5.1.3 Degenerate Perturbation Theory#

Prompts

Why does non-degenerate perturbation theory break down when the unperturbed spectrum has degeneracies? What diverges, and why?
What is the effective Hamiltonian \(H^{\text{eff}} = PVP\), and how does diagonalizing it within the degenerate subspace resolve the divergence?
Apply degenerate perturbation theory to a spin-1 particle. How does the perturbation split the degenerate level, and what determines the splitting magnitude?
When does the perturbation lift a degeneracy completely versus partially? What role do symmetries and selection rules play?

Lecture Notes#

Overview#

When the unperturbed spectrum has degeneracies, the non-degenerate perturbation formulas diverge because energy denominators vanish. Degenerate perturbation theory resolves this by first diagonalizing the perturbation within the degenerate subspace, identifying the correct zeroth-order basis and the first-order energy splittings.

The Problem: Divergent Denominators#

Suppose \(H_0\) has a degenerate level with energy \(E_n^{(0)}\) and \(d\) linearly independent eigenstates \(|n,\alpha\rangle\) (\(\alpha = 1,\ldots,d\)). The non-degenerate first-order state correction from \S5.1.2,

\[|\psi_n^{(1)}\rangle = \sum_{m \neq n} \frac{\langle m^{(0)} | V | n^{(0)} \rangle}{E_n^{(0)} - E_m^{(0)}} |m^{(0)}\rangle\]

diverges when summing over states \(|m\rangle\) in the same degenerate subspace, since \(E_n^{(0)} - E_m^{(0)} = 0\).

Root Cause: Ambiguous Labeling

Non-degenerate perturbation theory assumes that each label \(n\) uniquely tracks an eigenstate as \(\lambda\) increases from zero. With degeneracies, the perturbation mixes degenerate states, and there is no unique correspondence between perturbed and unperturbed states. The fix: diagonalize \(V\) within the degenerate subspace to find the basis that does not mix at first order.

Generalized Hellmann-Feynman Approach#

Recall from \S5.1.2 the Hellmann-Feynman theorem: \(\mathrm{d}E_n/\mathrm{d}\lambda = \langle n(\lambda)|V|n(\lambda)\rangle\). For a non-degenerate level, applying this at \(\lambda=0\) directly gives \(E_n^{(1)} = \langle n^{(0)}|V|n^{(0)}\rangle\). For a degenerate level, \(|n(\lambda)\rangle\) at \(\lambda\to 0\) can be any linear combination within the subspace, so the Hellmann-Feynman condition becomes:

Within the degenerate subspace, \(V\) acts as a \(d\times d\) matrix. The correct zeroth-order states are its eigenvectors, and the first-order energies are its eigenvalues.

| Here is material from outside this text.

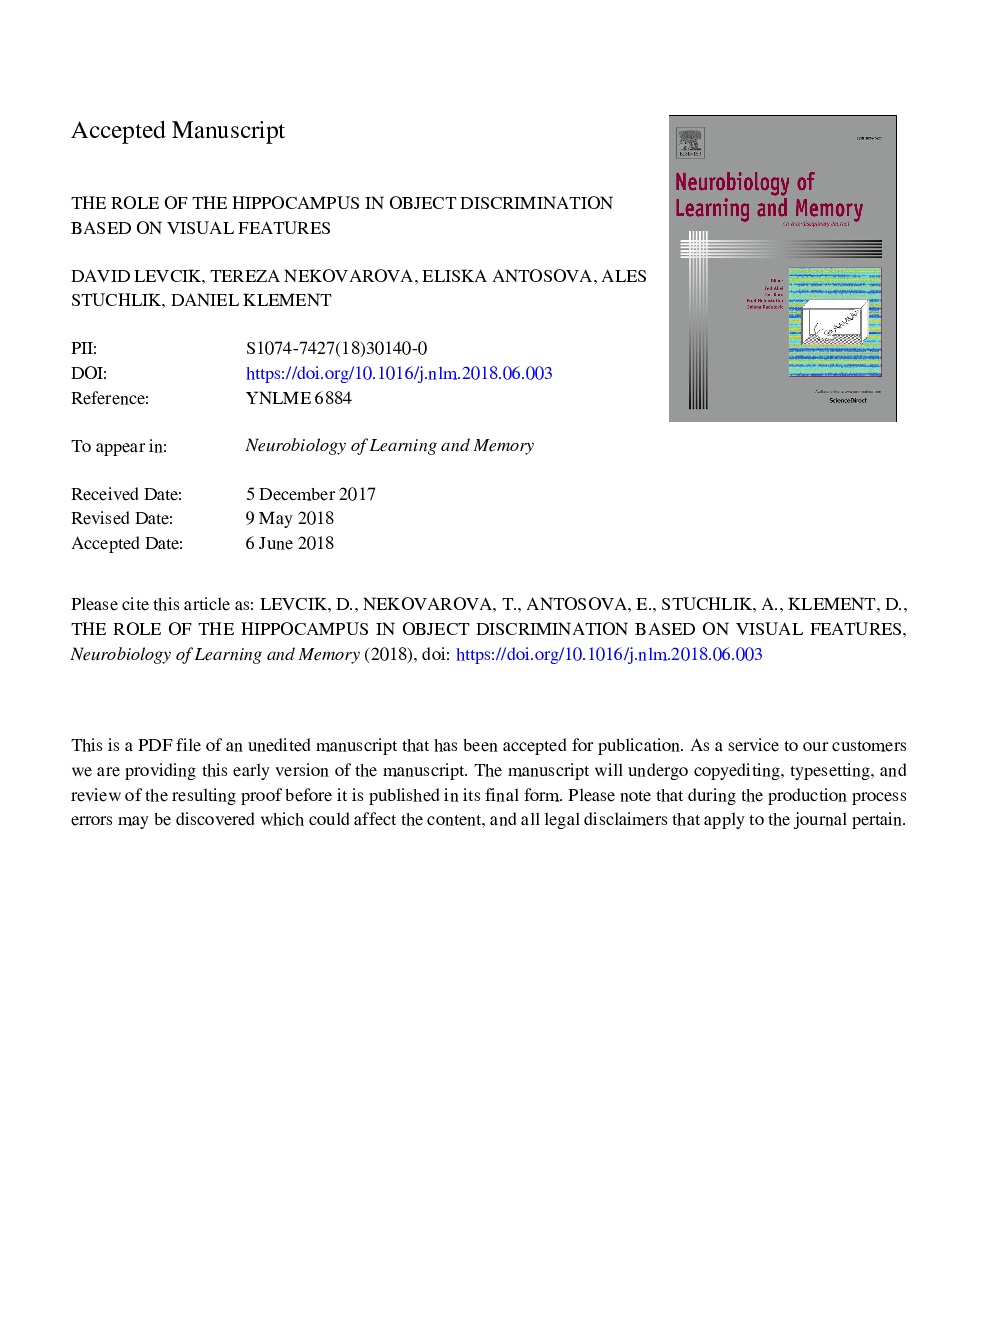 نقش هیپوکامپ در تبعیض بر اساس ویژگی های بصری

This is the essence of degenerate perturbation theory: diagonalize the perturbation restricted to the degenerate subspace.

Effective Hamiltonian#

Define the projection operator onto the degenerate subspace and its complement:

\[P_n = \sum_{\alpha=1}^d |n,\alpha\rangle\langle n,\alpha|, \qquad Q_n = \hat{I} - P_n\]

Effective Hamiltonian

The effective Hamiltonian acting within the degenerate subspace is:

(85)#\[H_n^{\text{eff}} = E_n^{(0)}\hat{I}_d + \lambda\, P_n V P_n + \lambda^2\, P_n V Q_n \frac{1}{E_n^{(0)} - Q_n H_0 Q_n} Q_n V P_n + O(\lambda^3)\]

First-order (\(P_n V P_n\)): direct matrix elements of \(V\) within the subspace.
Second-order: virtual transitions out of the subspace and back, mediated by the resolvent.

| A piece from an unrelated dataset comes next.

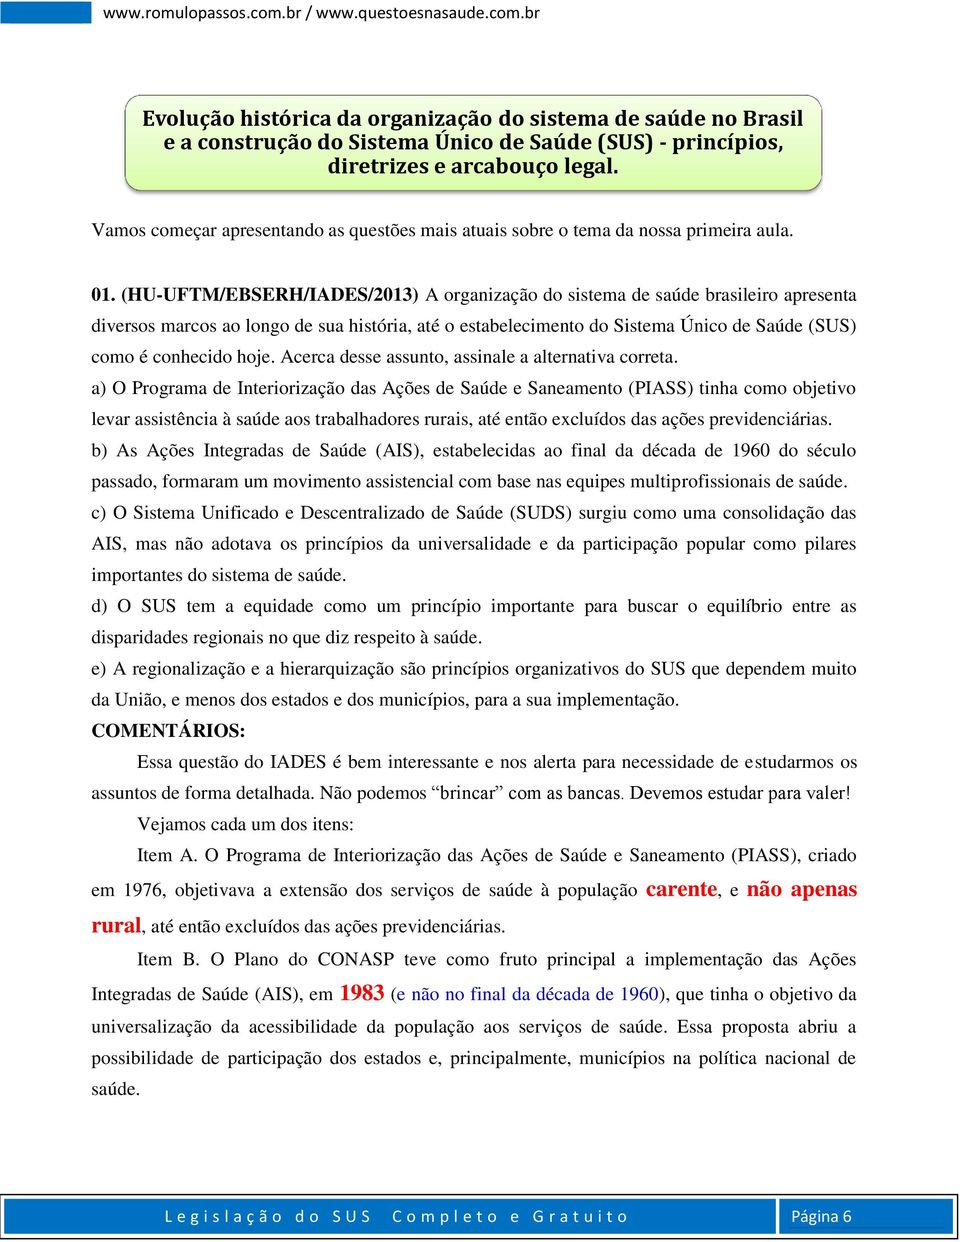 (HU-UFTM/EBSERH/IADES/2013) A organização do sistema de saúde brasileiro apresenta diversos marcos ao longo de sua história, até o estabelecimento do Sistema Único de Saúde (SUS) como é conhecido

In the basis \(\{|n,1\rangle,\ldots,|n,d\rangle\}\), the first-order effective Hamiltonian is a \(d\times d\) matrix:

\[(P_n V P_n)_{\alpha\beta} = \langle n,\alpha|V|n,\beta\rangle\]

Diagonalizing this matrix yields the first-order energy shifts \(\Delta E_{n,\alpha}^{(1)}\) (eigenvalues) and the correct zeroth-order states \(|n,\alpha'\rangle\) (eigenvectors).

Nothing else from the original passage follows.